We could beat this topic on the head, but we will only explain the polar patterns of the microphones listed below as they most fit for the functions USB microphones are built to perform.
Omnidirectional – This mode captures a 360 recording of an environment to recreate the experience of actually being there. Great for multi-person interviews or looking to capture the ambience of a given environment
Bidirectional – Recording from the front and the rear of the microphone, bidirectional mode is a great choice when the microphone is shared between two people in an interview.
Cardioid – Preferred setting for individual hosts on platforms such as podcasts, screen cast tutorials and webinars. Cardioid mode means it is focused directly in front of the microphone and captures much emphasis and character of the source. Very versatile microphones, ideal for general use.
Condenser or Dynamic?
Laws Of Power
Very simply put, condenser microphones produce a highly detailed response which is great for recording vocals, acoustic guitars, and a variety of instruments in the studio.

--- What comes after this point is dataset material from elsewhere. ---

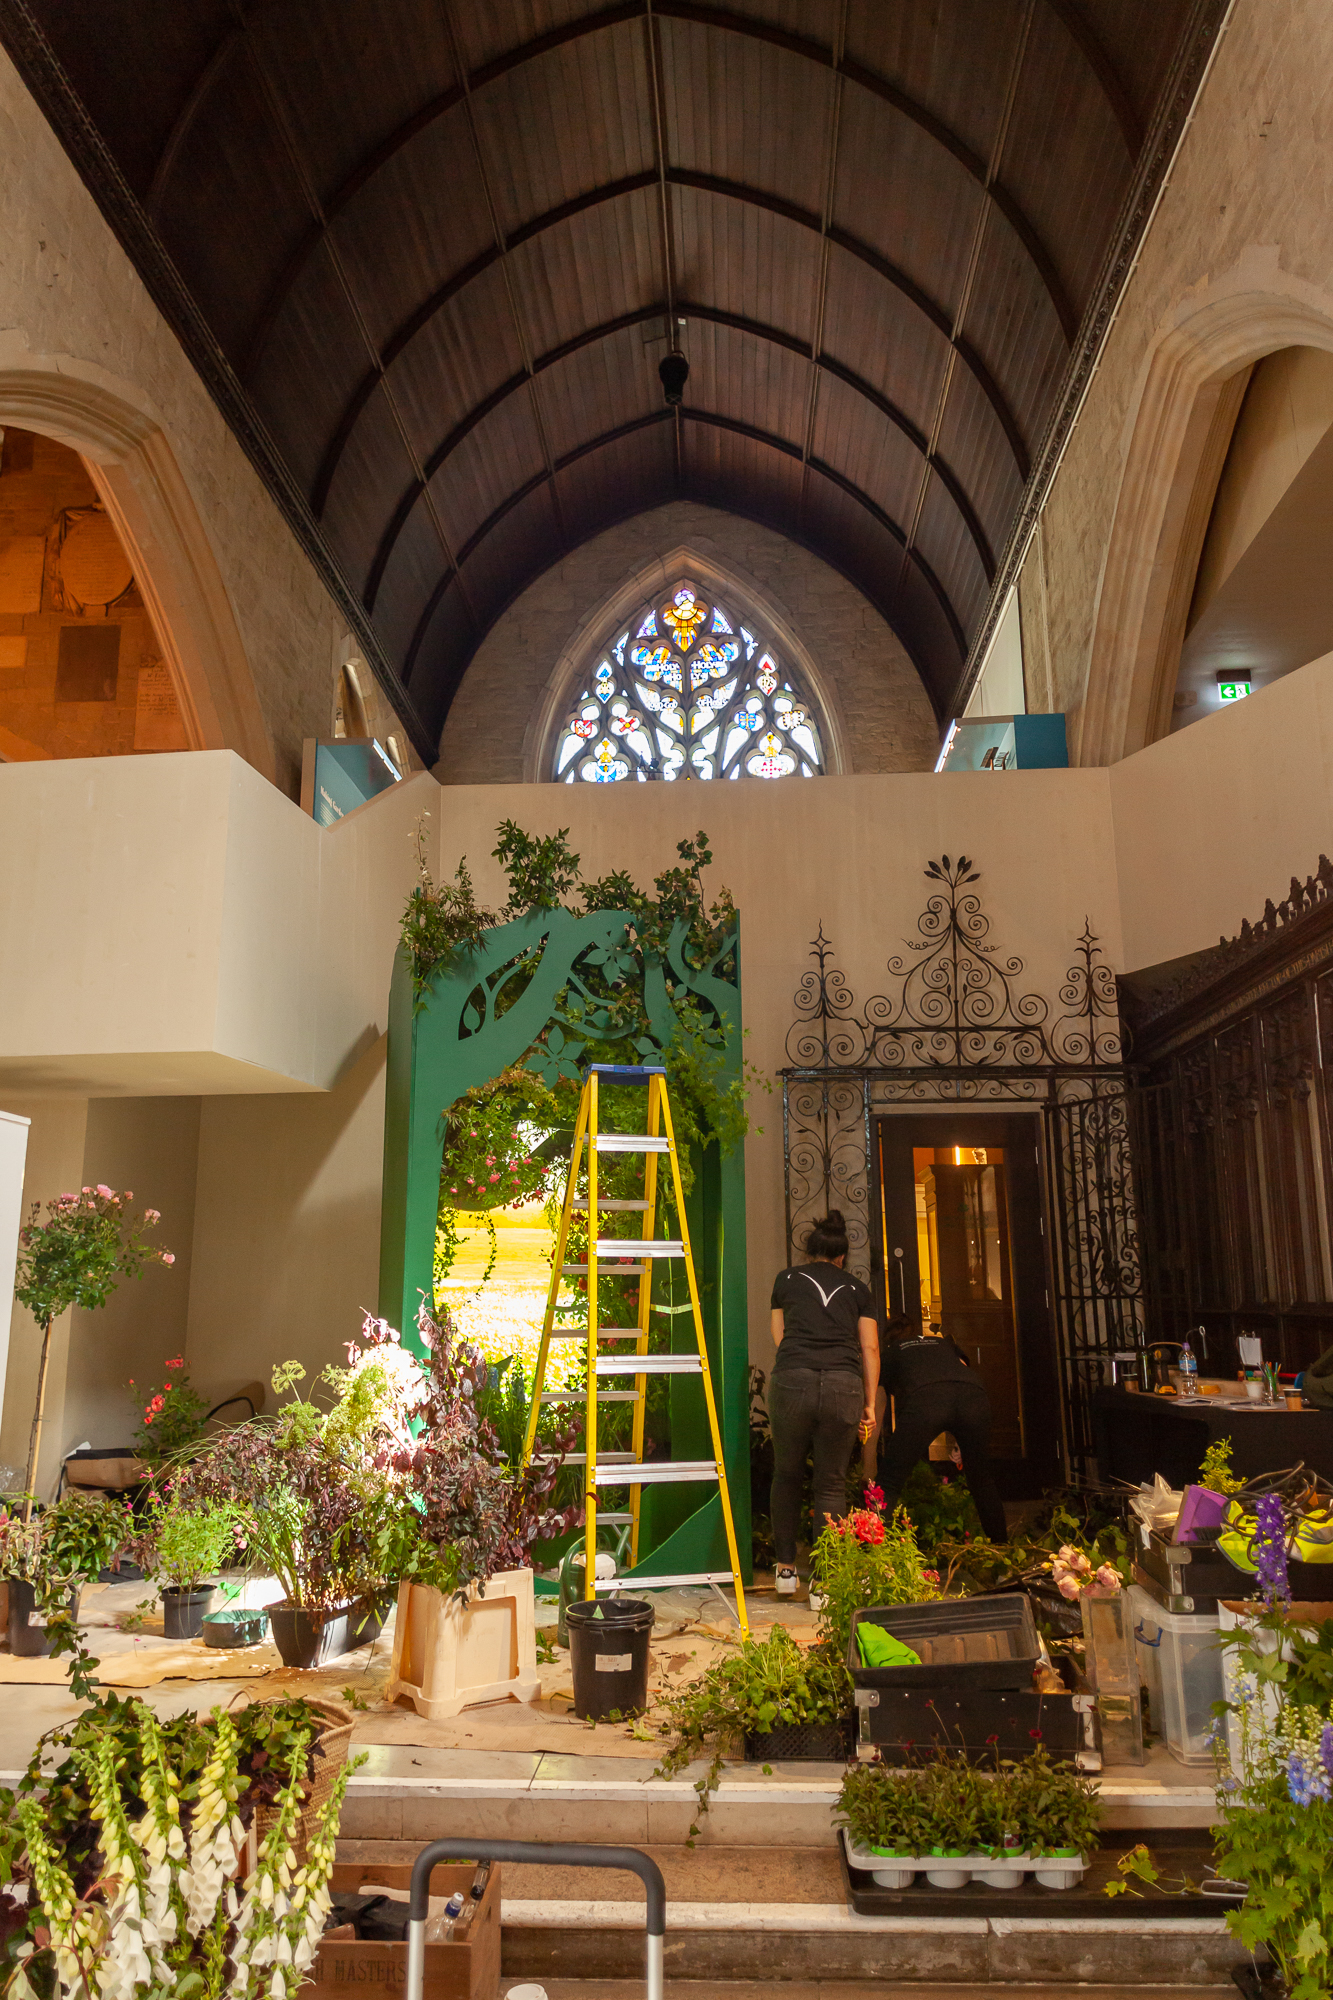 Veevers-Carter-installation-British-Flowers-Week-2018-at-Garden-Museum-by-New-Covent-Garden-Market (3).jpg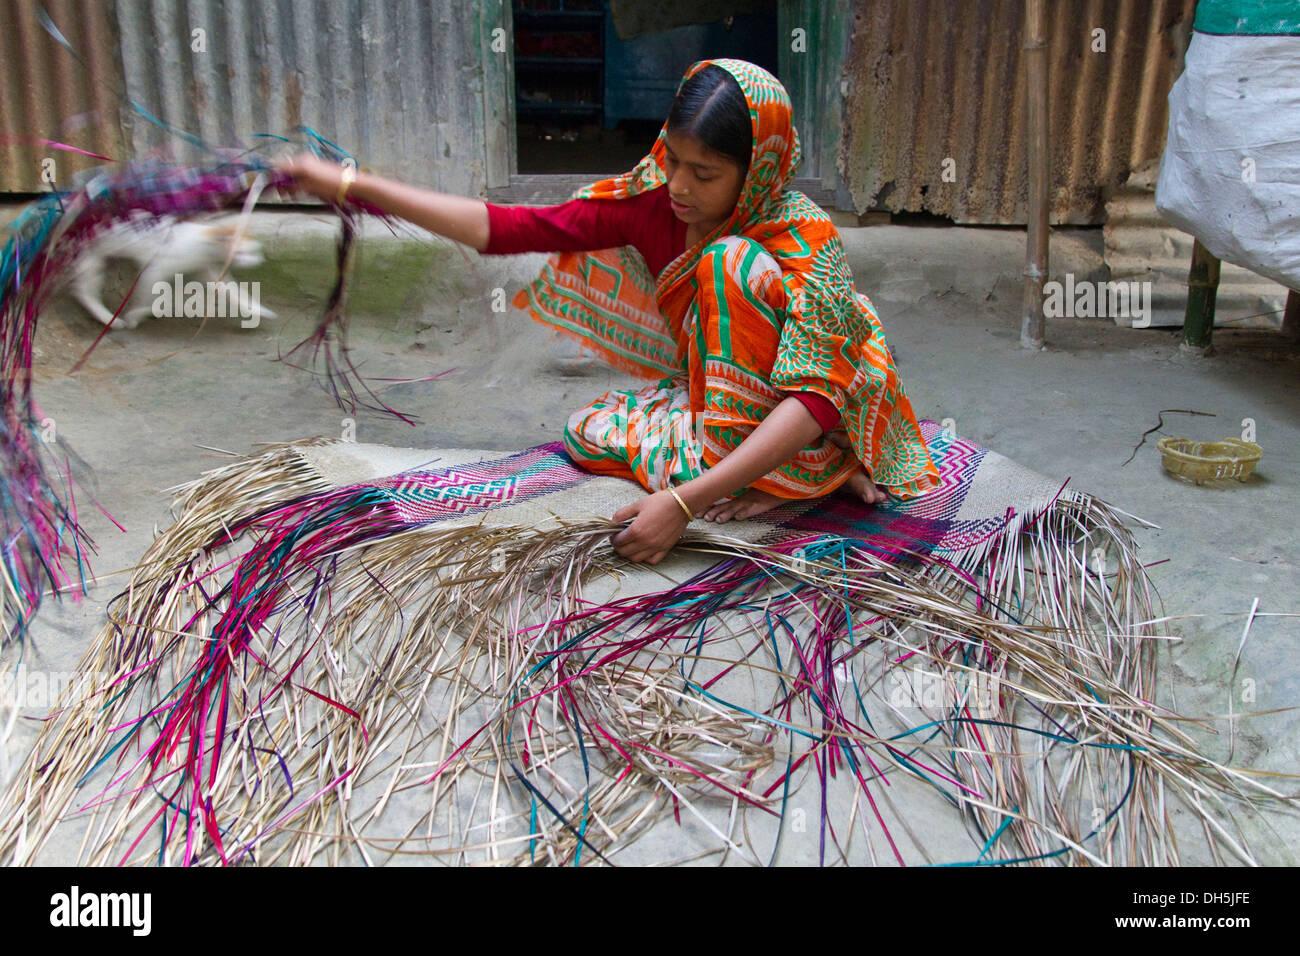 Young woman weaving raffia in front of a tin-sheet home, Barakandi, Sirajganj, Bangladesh, South Asia - Stock Image

While this is great for audio professionals, their sensitivity can also make them somewhat of a nuisance for amateurs in general use as they tend to pick up a lot of background noise.
Dynamic microphones are geared toward vocal applications, but also perform well on instruments. They are typically built it the cardioid polar pattern capturing audio from a single source, and being less sensitive than cardioid makes them great for recording loud audio while leaving plenty of headroom.
This topic could be explained in much further detail, but if you’re in the market for a USB microphone under $200.00 than this information is not worth losing your head over. Just be conscious of your needs and look at them next to the features of each model.
Have you got a particular favourite USB microphone? Any insight or commentary about any of the models listed above that could assist another reader in their search? Let us know in the comment section below
Well that about wraps up our USB microphone buying guide. Is there anything you feel we have left out? Let us know in the comments below what you’ve been using, what’s working for you, or what’s not?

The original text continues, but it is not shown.